52. Epic salvo of social media missives : TWEETSTORM
A salvo is a simultaneous discharge of guns. Ironically, “salvo” comes from the Latin “salve” meaning “be in good health”. Salvo was originally the name given to the firing of guns in the air as a sign of respect or greeting for an important visitor. Good health!
58. More bizarre : ODDER
“Bizarre” is a French word, with the same meaning in French as English. However, back in the 16th century, “bizarre” used to mean “handsome, brave” in French. So that’s what my wife means when she refers to me as “bizarre” …
60. Iraq War concerns, for short : WMDS
The first recorded use of the term “Weapon of Mass Destruction” (WMD) was in 1937. The words were used by Cosmo Gordon Lang, the Archbishop of Canterbury at the time, in reference to the bombardment of Guernica in Spain during the Spanish Civil War by the German Luftwaffe. He said, “Who can think without horror of what another widespread war would mean, waged as it would be with all the new weapons of mass destruction?”
Down
1. Old doctrinal Lutheran movement : PIETISM
Pietism was a movement in the Lutheran tradition that emphasised piety and the living of a vigorous Christian Life. The movement was founded by Philipp Jakob Spener who outlined his proposals for restoring the life of the Church in a pamphlet title “Pia desideria”.
2. Mineral involved in much litigation : ASBESTOS
Asbestos was very, very popular in so many applications for many years. The world’s largest asbestos mine was in Quebec, Canada in the town of … Asbestos.
3. Nonprofit that won a 2007 UNESCO Confucius Prize for Literacy : REACH OUT AND READ
Reach Out and Read (ROR) is an organization founded in 1989 at Boston City Hospital. ROR is an advocate for child literacy that provides books appropriate for very young children and provides these books at pediatric checkups. The ROR program focuses on encouraging parents to read to their children.
7. Where I-15 and I-80 meet : UTAH
Interstate 15 runs north-south from the US-Canada border at Sweet Grass, Montana to San Diego, California.

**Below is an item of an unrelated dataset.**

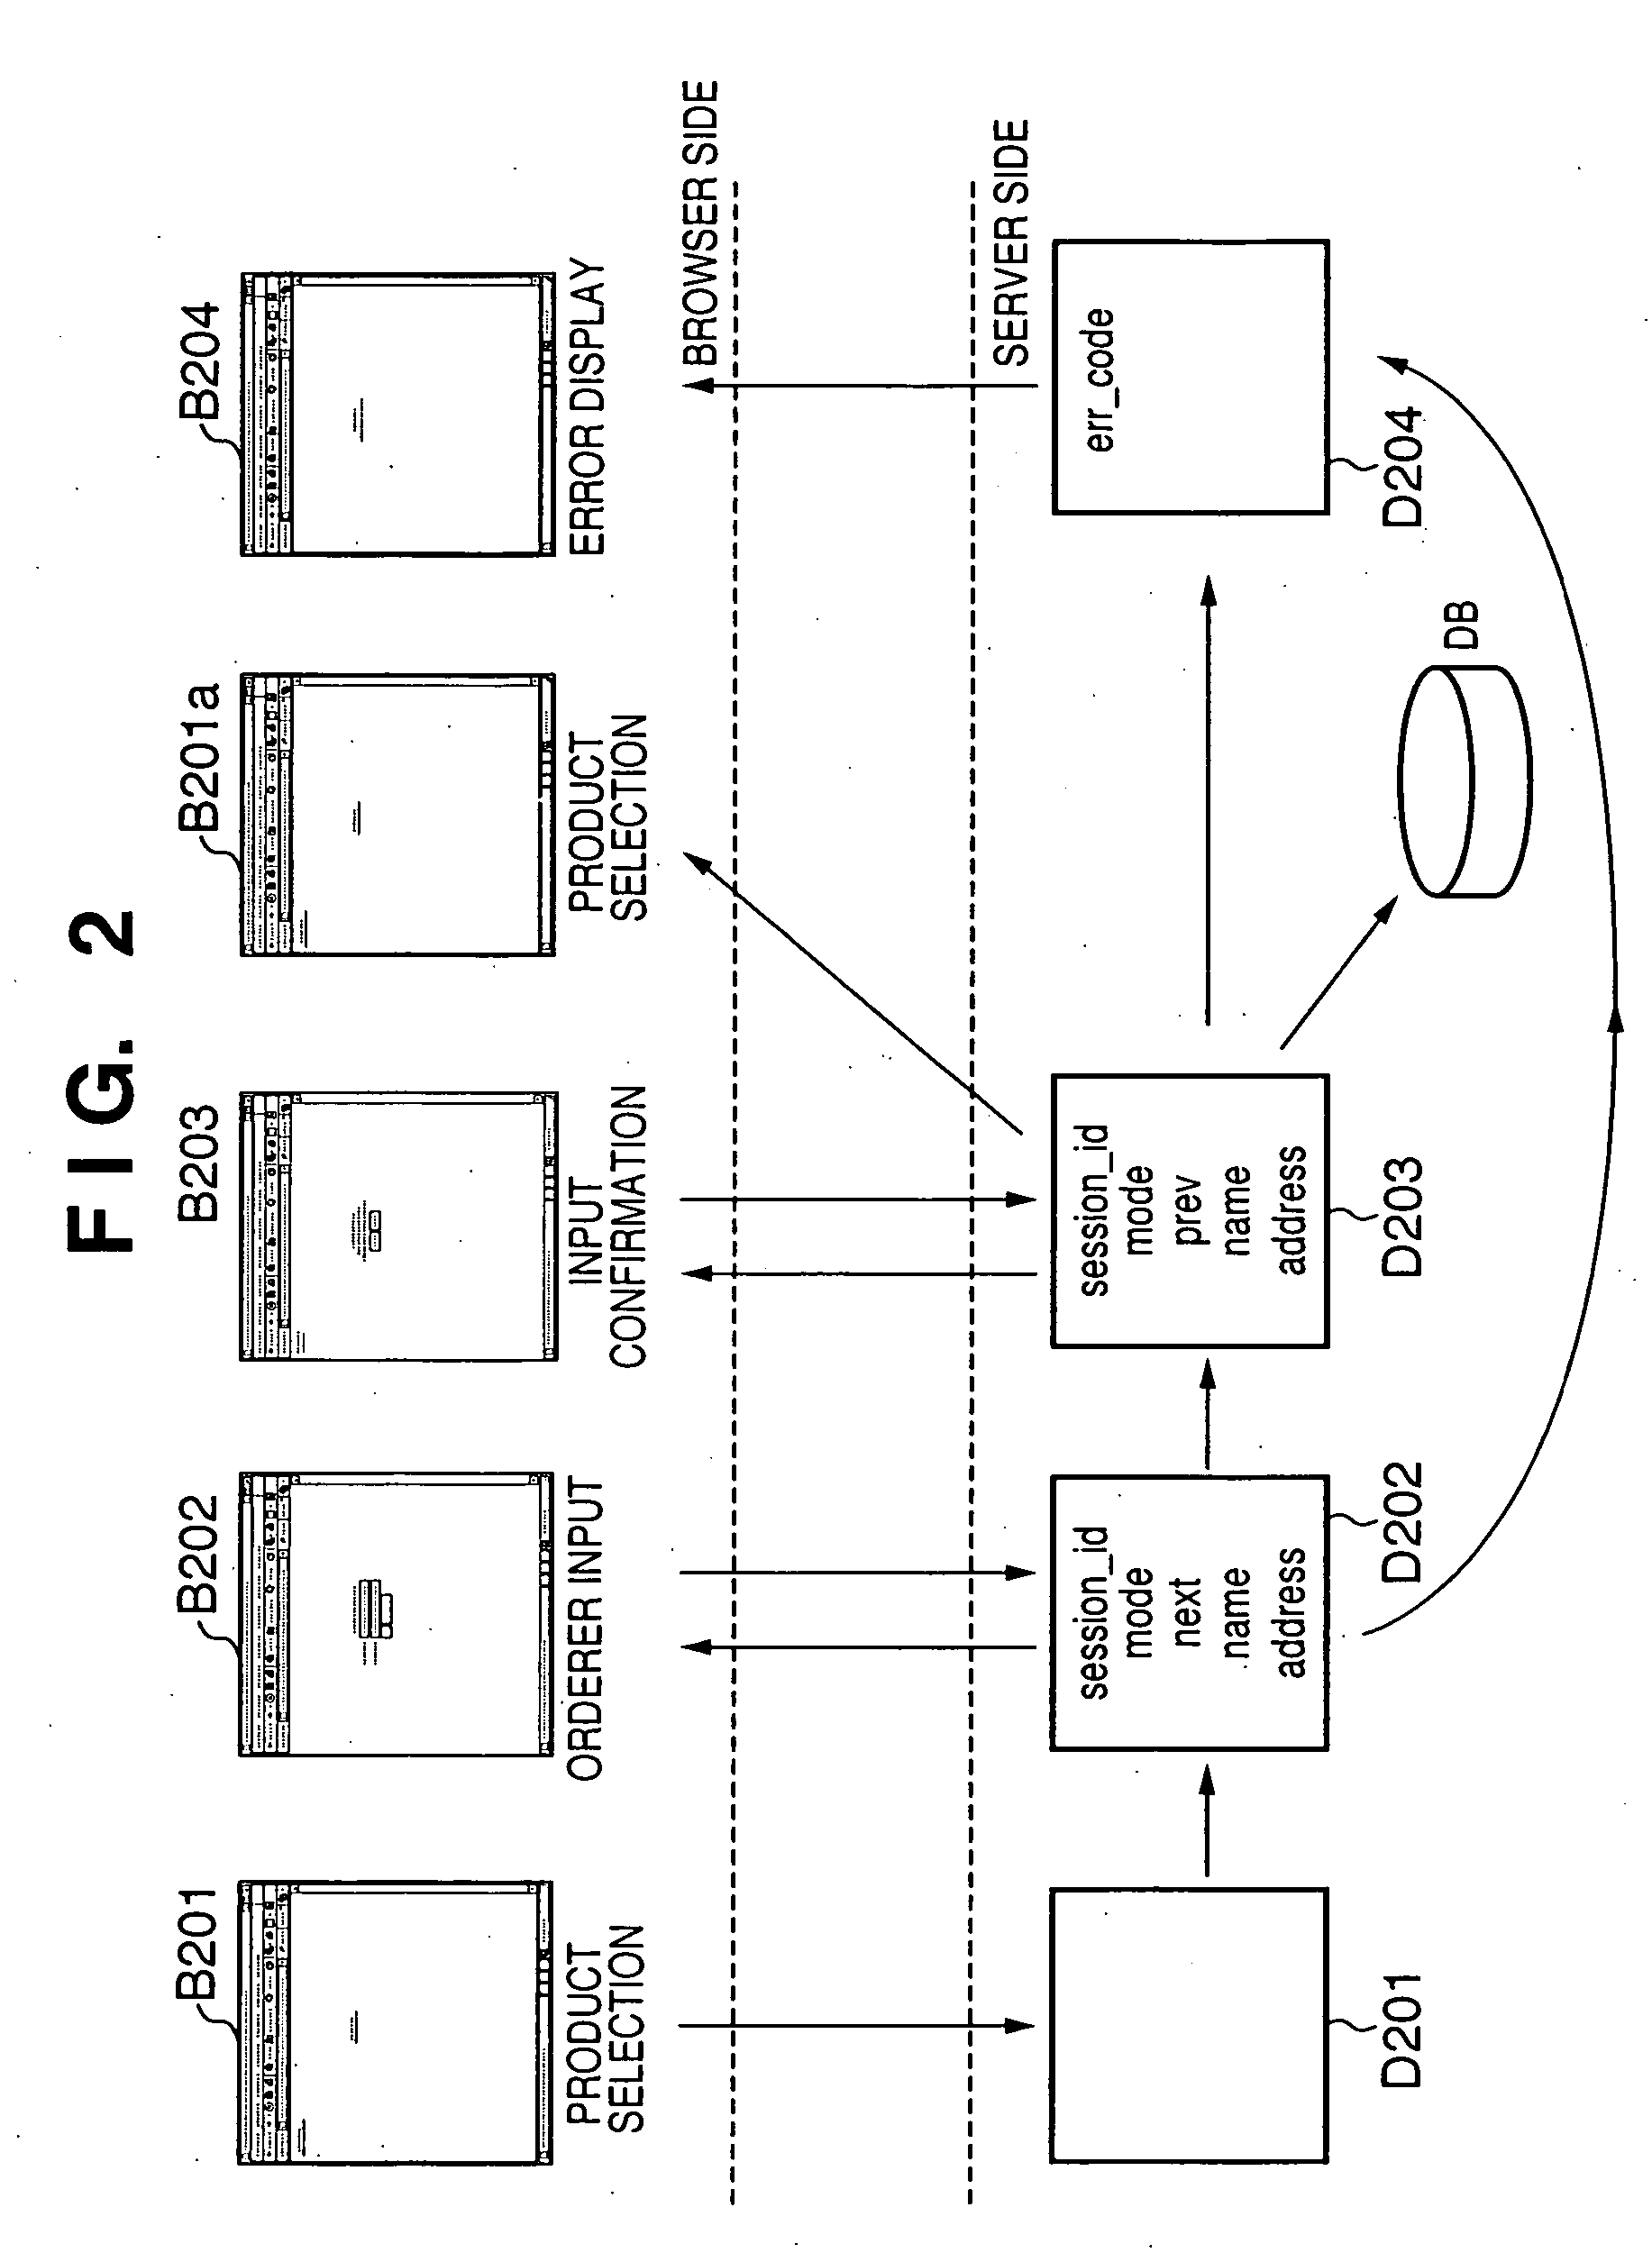 Server apparatus for providing display screen through network, control method therefor, and program therefor

Interstate 80 is the second-longest highway in the US (after I-90). It runs east-west from San Francisco, California to Teaneck, New Jersey. I-80 largely follows the route of the first road across America, the historic Lincoln Highway.

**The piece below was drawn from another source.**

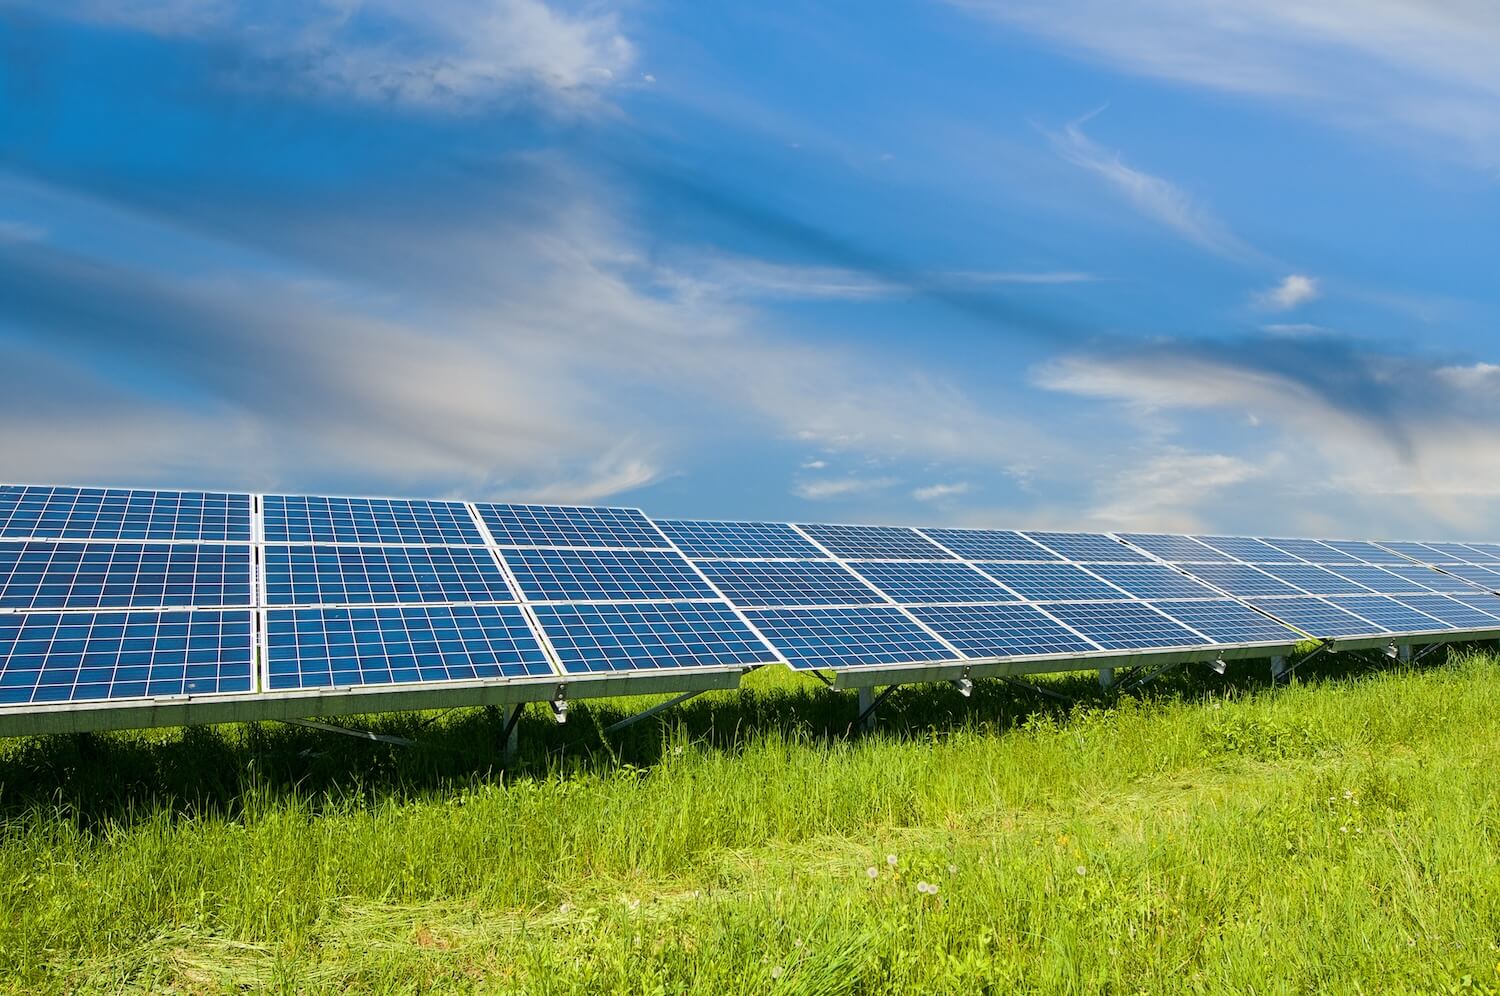 Are Utility-Grade Solar Farm Investors Eligible For Any Tax Benefits?

The Lincoln Highway was dedicated in 1913, and stretched from Times Square in New York City to Lincoln Park in San Francisco. The highway stretched 3,389 miles through 13 states. In the days when the automobile was coming into its own, the Lincoln Highway brought prosperity to the hundreds of cities through which it passed, earning it the nickname “the Main Street Across America”.

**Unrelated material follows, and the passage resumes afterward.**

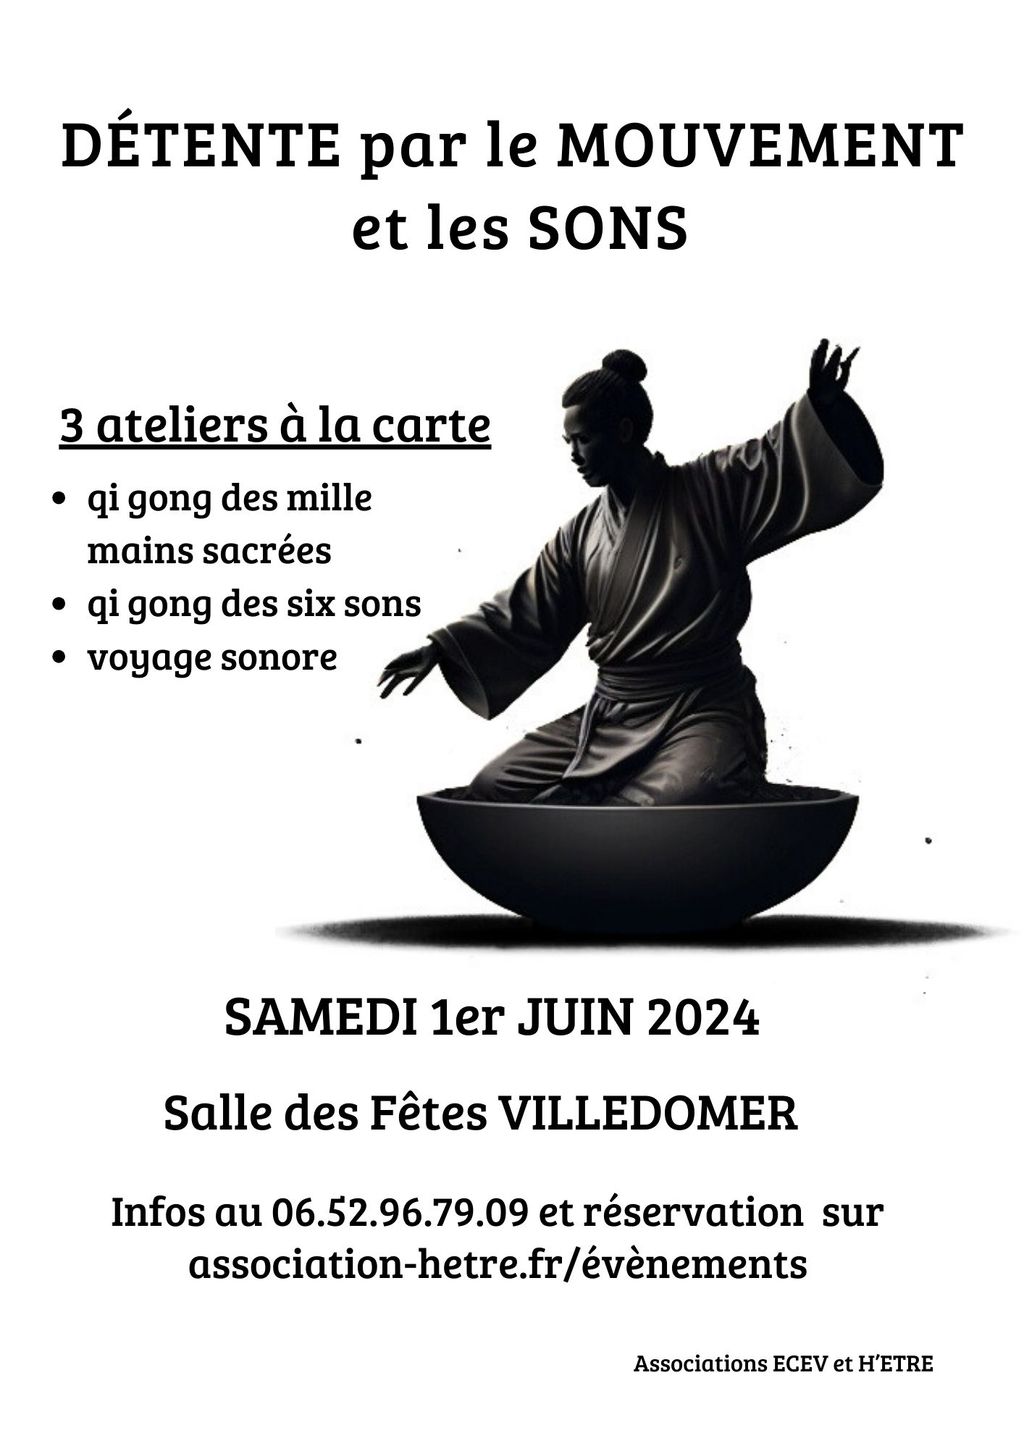 Qi-gong-des-mille-mains-sacrees-qi-gong-des-six-sons-voyage-sonore

8. Where charges are entered at the bar : TAB
When we “run a tab” at a bar say, we are “running a tabulation”, a listing of what we owe. Such a use of “tab” is American slang that originated in the 1880s.
10. Tours to be? : ETRE
Tours is the largest city in the Centre region of France. It is said that the people of Tours speak the “purest” form of French in the whole country, and when spoken by a local it is also said to be free of any accent.
11. First black U.S. Congresswoman : SHIRLEY CHISHOLM
When Shirley Chisholm was elected to the US House of Representatives in 1968, she became the first African-American member of the US Congress. Four years later, Chisholm was the first African-American to run for the Democratic Party’s presidential nomination.
13. Specialized idioms : ARGOTS
“Argot” is a French term, the name given in the 17th century to “the jargon of the Paris underworld”. Nowadays argot is the set of idioms used by any particular group, the “lingo” of that group.
25. __-nez glasses : PINCE
Pince-nez are eyeglasses clipped to the bridge of the nose. “Pince-nez” is French, translating as “pinch the nose”.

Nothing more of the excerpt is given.